Gianpiero Battista has quit Lismore City Council.
Gianpiero Battista has quit Lismore City Council.

'I wanted to make a statement': Real reason why he quit

FORMER Lismore councillor Gianpiero Battista described his resignation last week as a vote of "no confidence in the leadership of council, the general manager and the mayor as well".

Mr Battista also described operating in an information vacuum where it was difficult to go forwards and improve the city's life.

Mr Battista and Greg Bennett both resigned from council last week, with Mr Bennett's resignation effective today and Mr Battista's resignation effective from August 6.

"The main reason why I left is because unfortunately, in the last 18 months, council has become a place where you cannot improve the city's life," he said.

"I was constantly fighting to get the right information, and that kept going backwards rather than going forward.

"I wanted to make a statement, call it a vote of no confidence, in the leadership of council, the general manager and the mayor as well.

Mr Battista said Lismore Mayor Isaac Smith and the council's general manager Shelley Oldham seemed to "following the same line at the moment".

Mr Battista said Council in one example initially refused releasing legal advice and then eventually permitted councillors to view the complex legal advice in oppressive, timed circumstances without ability to take any notes or copies.

He said as a result Cr Eddie Lloyd was forced to bring a motion to the chamber to have the legal advice provided to councillors without such restrictions.

"There are many other examples. There were some time we sent councillor's requests for information, and the response was 'oh, that's an operational matter, we won't give you the information'," he added.

 

FORMER COUNCIL: From top left, councillors Bill Moorhouse, Neil Marks, Gianpiero Battista, Greg Bennett, Adam Guise and Darlene Cook. Seating, Elly Bird, Eddie Lloyd, Mayor Isaac Smith, Vanessa Ekins and Nancy Casson.
FORMER COUNCIL: From top left, councillors Bill Moorhouse, Neil Marks, Gianpiero Battista, Greg Bennett, Adam Guise and Darlene Cook. Seating, Elly Bird, Eddie Lloyd, Mayor Isaac Smith, Vanessa Ekins and Nancy Casson.

 

Mr Battista said Lismore City Council has not allowed councillors enough time to decide on issues that impacted Lismore residents.

"Recently, we were briefed an hour before an extraordinary meeting, and then we had to take a vote straight after," he said.

"That's not good governance.

"The (Local Government) Act says the general manager has to provide councillors any information that allows us to conduct our role in the proper way, because we need to be informed to make good decisions," he said.

"I could have stayed there for another 12 months, collecting the $619 a month, but that didn't feel right to me.

"A lot of people have said 'if you leave, management wins, because you are not there to make a point', but I could not stand that I was getting paid when I could not be effective at all in my role as a councillor."

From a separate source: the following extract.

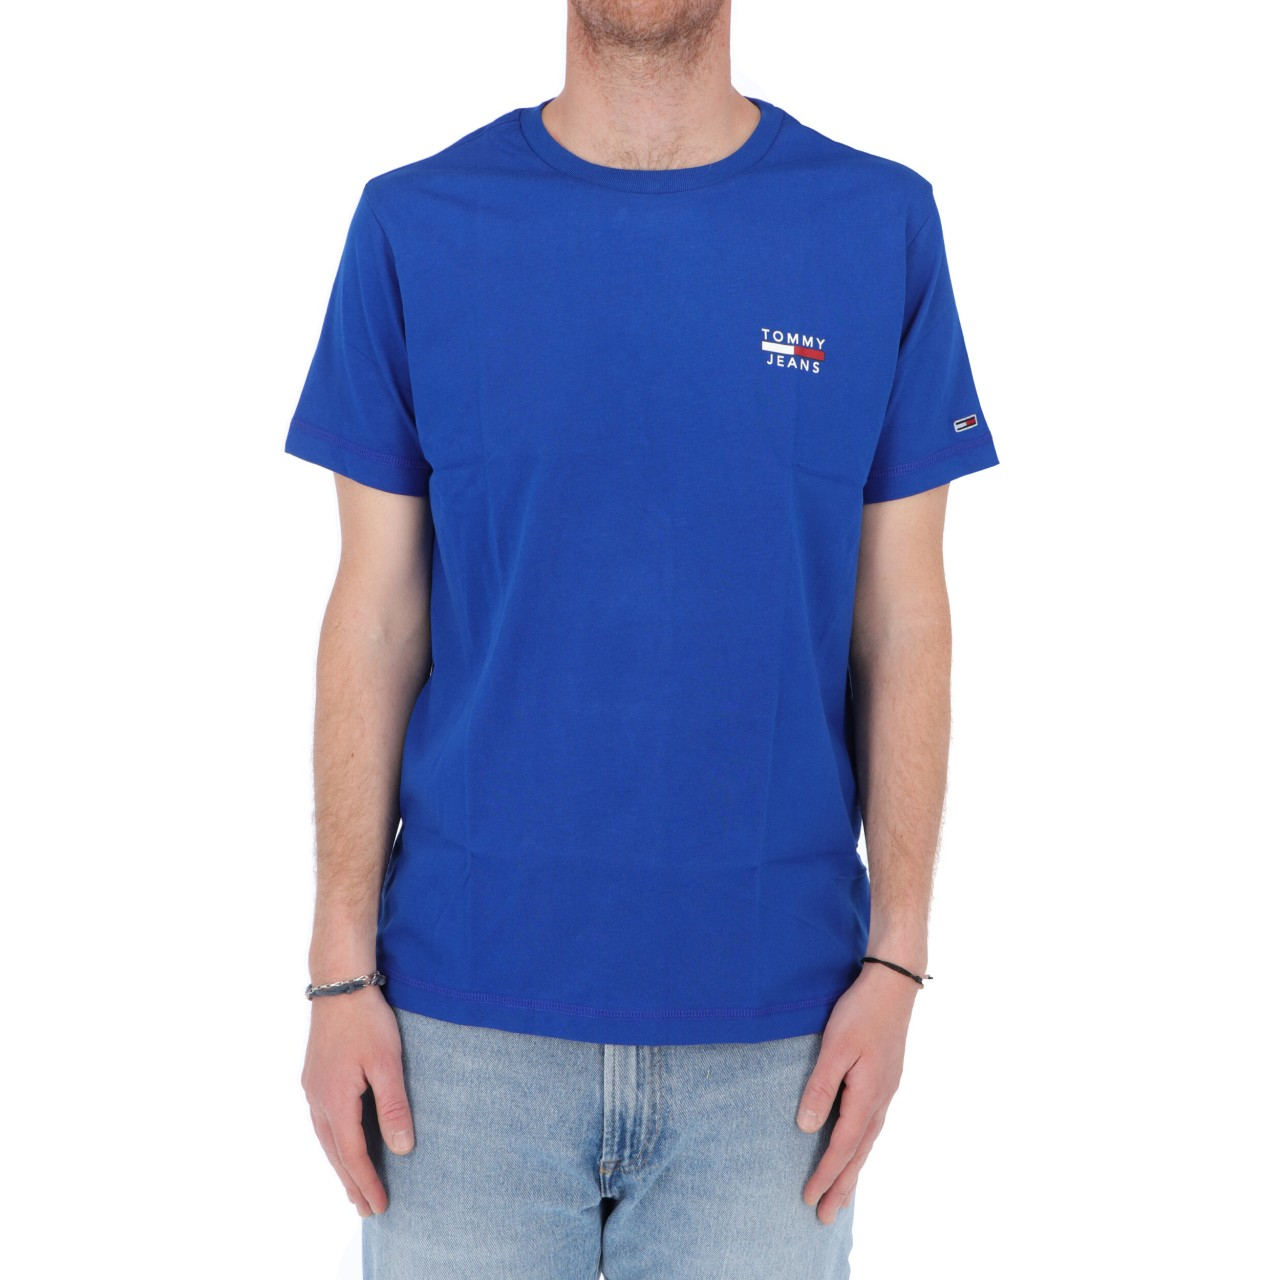 Tommy hilfiger Uomo Tshirt Tommy Hilfiger Jeans Uomo Chest Logo Tee 10099P

Mr Battista said stress and personal issues did not influence his decision.

"I didn't resign because I was stressed and I didn't resign because of my family," he said.

"My family has endured a lot of issues and council is certainly at the very low end of stressful items for me."

 

Gianpero and Rebekka Battista with sons Isaac and Nathan at their home in Lismore.
Gianpero and Rebekka Battista with sons Isaac and Nathan at their home in Lismore.

 

Lismore City Council's general manager, Shelly Oldham, thanked Mr Battista for his 12-year service at council.

"It is the nature of democracy that one councillor cannot always convince their fellow councillors to adopt his/her position and policies," she said.

"This term of council has been stressful and difficult for all councillors as they have had to deal with two floods, resolving a $6 million operating deficit, a bushfire and now COVID-19."

The general manager said that legal advice is always confidential.

"All Councillors are provided with the same legal advice and in the same manner," she said.

"Staff work hard to provide all councillors with information.

"This includes answering almost 1000 'councillor requests' this year alone, up from an average of 600 in previous years.

"There has also been a significant increase in the number of workshops and briefings that staff have organised to keep councillors fully informed about decisions they need to make and answer any questions."